Короче, еще одна загадка. Хотя на счет искажения  Пушкинской цитаты лично у меня есть гипотеза, что Сергей Донатович немного лукавил. Достаточно вспомнить, что цитирует стихотворную строчку отнюдь не литературный герой книги – Борис Алиханов, а другой персонаж – сотрудник экскурсионного бюро Галина Александровна. Получается, это ее ляп. Не секрет, что Довлатов с юмором относился к обитателям Пушкиногорья. Автор убивает сразу двух зайцев – уличает специалиста заповедника в невежестве, и, вместе с тем, оправдывает собственноручное искажение пушкинской цитаты необходимостью неукоснительно следовать выбранному стилю. И подколол и руки умыл. Красота!

Загадкой остаются неоднократные трактовки на новый лад Довлатовым одних и тех же сюжетов. Например, как минимум, трижды прозаиком интерпретируется история знакомства с женой: то ее забыл Гуревич после вечеринки дома у автора, то встреча состоялась на именинах хомяка в квартире живописца Лобанова, то будущая супруга явилась к Довлатову в роли агитатора в день выборов. Воистину, тема семьи – неисчерпаема. Полагаю, что все три версии отличаются от реальной истории  этой семейной пары. Дважды с изменением фамилии персонажа в книгах Довлатова упоминается система предупреждений о приходе на дом наряда милиции. В первом случае известные кодовые слова в телефонную трубку чеканит спившийся журналист Гена Сахно, во втором – опустившийся журналист Гена Смирнов. Разница между ними заключается лишь в том, что первый пьет портвейн, а второй употребляет шартрез. Примеры можно продолжать. Анекдоты из жизни писателей Довлатов первоначально вкрапляет в канву повести «Невидимая книга», а позже издает их отдельным произведением «Записные книжки». Хорошо, что в собрании сочинений Довлатова, вышедшем в издательстве «Лимбус-Пресс» в 1993 году с рисунками Александра Флоренского, эти вещи разнесены по разным томам. Иначе повторы смущали бы читателей.

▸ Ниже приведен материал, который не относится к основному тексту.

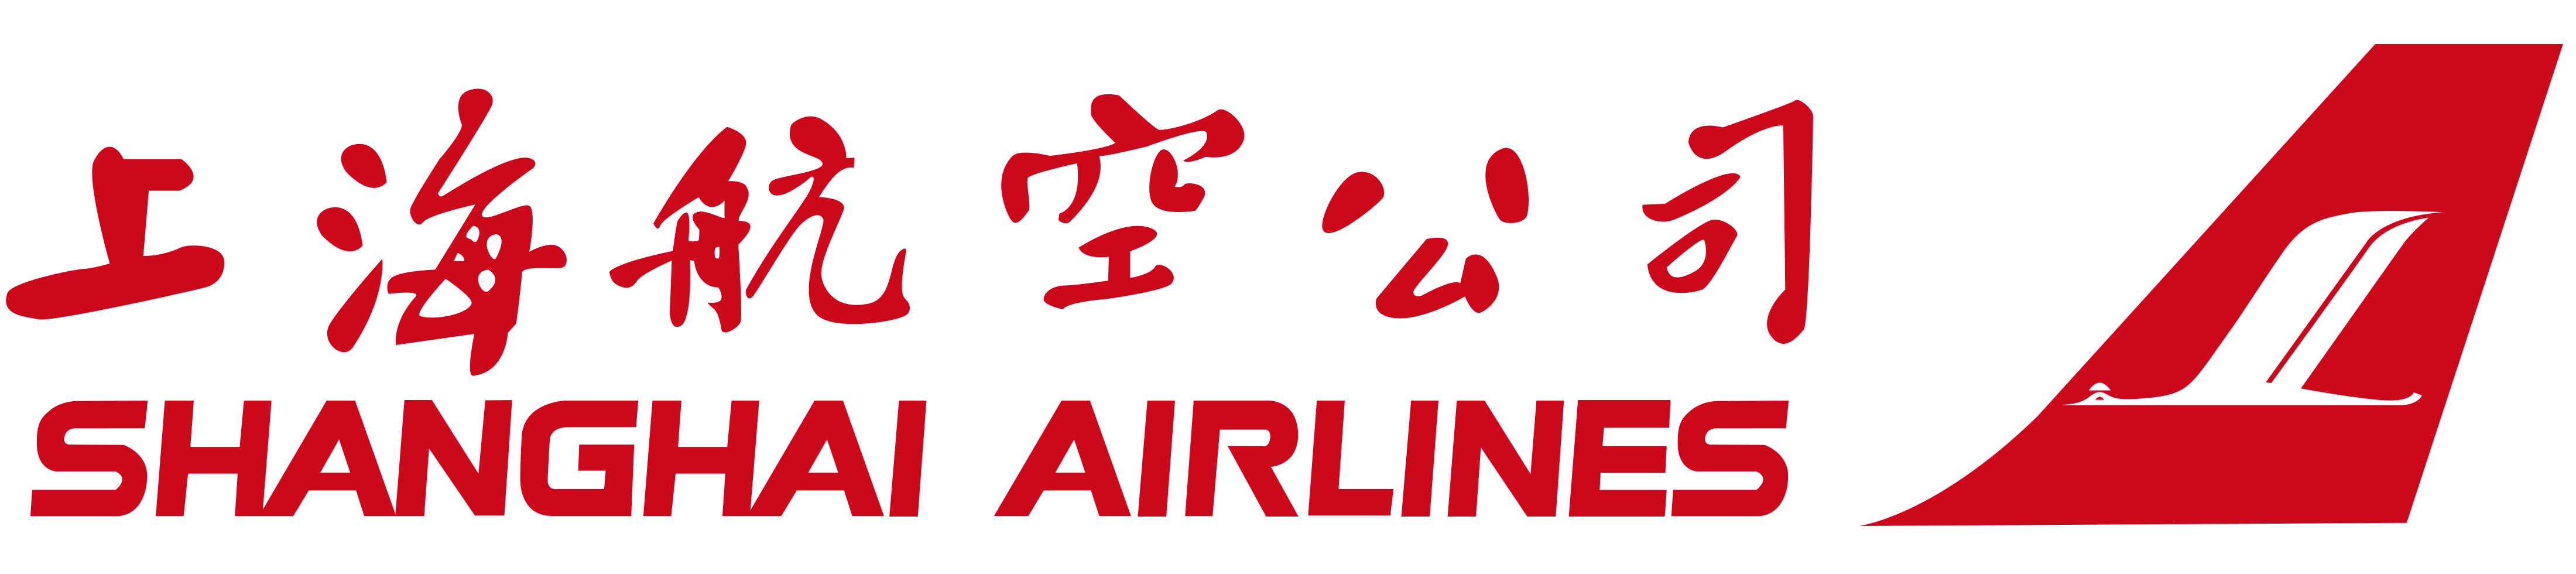 Shanghai Airlines logo, logotype

Некоторые словесные конструкции Довлатова кочуют из книги в книгу. Например, фраза «дальнейшие события излагаю бегло, пунктиром», повторяется трижды: в романе «Наши», в повести «Марш одиноких» и в рассказе «Старый петух, запеченный в глине». А что, хорошее, проверенное соединение слов. То же происходит с метафорами. Придумав однажды наиболее точное сравнение собаки Глаши с березовой чурочкой, Довлатов не раз к нему возвращается («Соло на ундервуде», «Наши», «Ремесло»). Также не отрекается автор от еще одной устойчивой метафоры, уподобляющей нос фокстерьерши «крошечной боксерской перчатке». Раз уж созданы близкие к идеалу метафоры, так чего от них отступать? От добра добра не ищут. Фраза: «подцепил ускользающий маринованный гриб» у Довлатова дважды фигурирует в одном произведении – в шестой и двенадцатой главах «Компромисса». Щепетильно вглядывающийся в буквы, с целью не допустить их повторения в словах, Довлатов на удивление легко мирится с повторениями одних и тех же фраз в разных произведениях. Почему? Загадка. Невольно вспоминается Владимир Высоцкий, который, комментируя наличие одной и той же мелодии в песнях «Корабли» и «Прощание с горами», просто заявил, мол, к чему претензии, моя мелодия - как хочу, так и использую! Тоже верно.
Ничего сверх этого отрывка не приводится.